Strict water change routine, gravel vac and a good water conditioner (Prime) will help the fish heal. This may come back from time to time but if you keep the tank in top condition, it shouldn't be a problem.

Here is a pic of my BP taken just moments ago. He is almost 4 yrs old and has had the black spots only once when I first got him. This is a natural color (a bit washed out from the flash, he is actually brighter then this). He is his full size...approx. 8 1/2"...and in a 55g tank.


----------



## SamHogan (Apr 3, 2010)

Ill take a recent photo buggy and show you what he looks like now, its asif hes got loads of dryed up black pva glue on his body, and kind of looks as if it can be peeled off. Ill show you when i can get a pic up.


----------



## NatBarry (Feb 19, 2008)

Are they black spots or like black long patches of colour? As I have noticed that parrots do get this as some of mine in the past did, its nothing to worry about, just due to them being so finely bred. Shouldn't affect them.


----------



## SamHogan (Apr 3, 2010)

Its asif hes been spray painted, you know the tool on paint for microsof, the spray paint tool, how that looks? it kind of looks like that hahaha! hes healthy as he eats his food etc, there shyness is kinda getting to me now though, as they go through patches of swimming everywhere and coming to see you, then suddenly wanting to constantly hide etc. Takes time i suppose, specially with parrots.


----------



## Fish Grandma (Dec 27, 2009)

I have two african blood parrots. Love them, they are so graceful and really add a lot to my tank. One of mine also has a little bit of black spotting, not a lot. How horrible for those fish to be died like that. Reminds me of what pet stores do to baby chicks at easter with the coloring of their feathers. They are nice fish..


----------



## hXcChic22 (Dec 26, 2009)

I'm totally against cruel dying, like with fish... 
but I'm not gonna lie, if I had a white cat, around Easter, I'd probably dye her with food coloring or egg dye, lol.


----------



## emc7 (Jul 23, 2005)

I understand that dyeing is really bad for fish, both painful and unhealthy. I understand the impulse, but with fish, its best to resist. And don't buy dyed or tattooed fish because that encourages the practice to continue.


----------



## SamHogan (Apr 3, 2010)

its horrid to be fair.


----------



## SamHogan (Apr 3, 2010)

Well the black has completley dissapeared of off the yellow parrot cichlid now,  but im just asking you guys, is it normal that the yellow one is always like kissing and nudging the pink ones bum? well where it poo's from?


----------



## BoxxerBoyDrew (May 14, 2010)

NICE TANK, but I can't stand Parrots to be honest!

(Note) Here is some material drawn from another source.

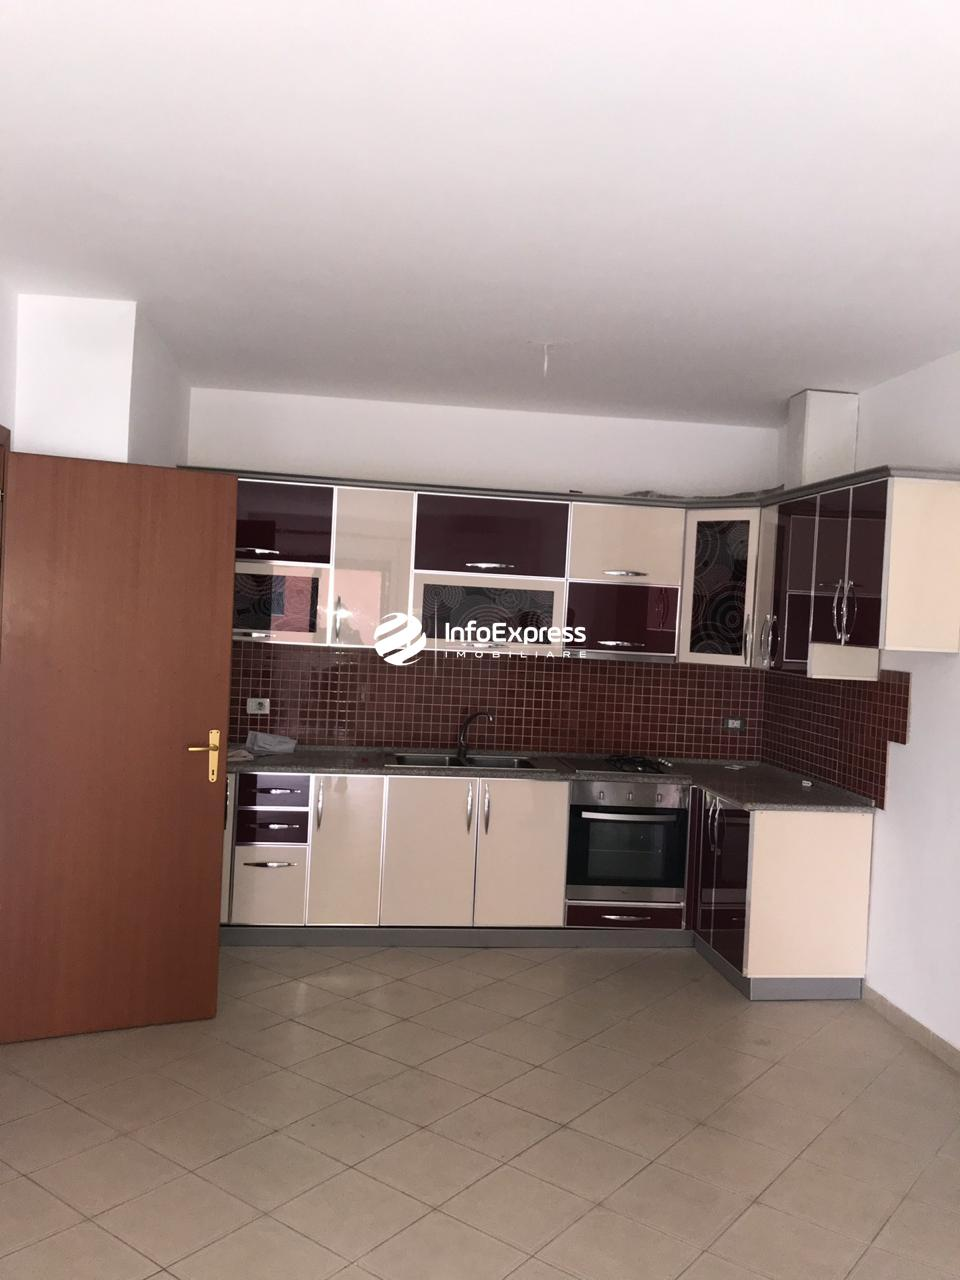 TRS-0618-1022 Shitet apartament 1+1 ndodhet ne rrugen e  rrugen  e Kavajes prane Deliorgjit

Mainly the dye thing, but when they get very large it is like they can't hardly swim because of the "shape" they have been breed to! A Fish Store I used to work for had a 540gal hand built tank, and when the owner changed the tank to house fresh water fish, mainly South, Central and a few African Cichlids, some customers who's Parrots had gotten to large for their home aquariums brought them down and the Owner let them rut them in the 540. Well a few years go by and they looked like half flat footballs and had a hard time getting around!!!

Anyway the dyeing of fish is VERY BAD for them, so I choose to stay away! Where as with the Chicks or other animals with hair or feathers, it is just like people dyeing their hair. Pretty much harmless, NO removing of skin/slime, and will go away! Now I don't much care about dyeing of them, but it really doesn't hurt them!

So GOOD LUCK with your Parrots, and again the tank is very well Aquascaped!!! 

Keep up the GOOD WORK!!!
Drew


----------



## Superfly724 (Sep 16, 2007)

BoxxerBoyDrew said:


> A Fish Store I used to work for had a 540gal hand built tank, and when the owner changed the tank to house fresh water fish, mainly South, Central and a few African Cichlids.


You would think someone with a 540 gallon custom tank would know not to mix African with Central/South American Cichlids...


----------



## chocolatecrunch (May 21, 2010)

I really luv the setup too  I thought the fish were really cute and i was unhappy to hear that they were dyed. I personally am against it, but overall, it's your choice. Good luck and I hope you and your fishy friends have fun!!!


----------



## Peeps (May 24, 2010)

Your parrots are very cute. I have a parrot, Charlie. Mine is huge. I also disagree with the dying but he does look healthy. Dying I just don't get why they have to put the fish threw that.

You say they are skittish, why not put a few dithers in there. Like giants danios. The movements helps them feel comfortable. Charlie my parrot will actually let me pet him he is so tame, he's not scared of anything. Unusual for a parrot.


----------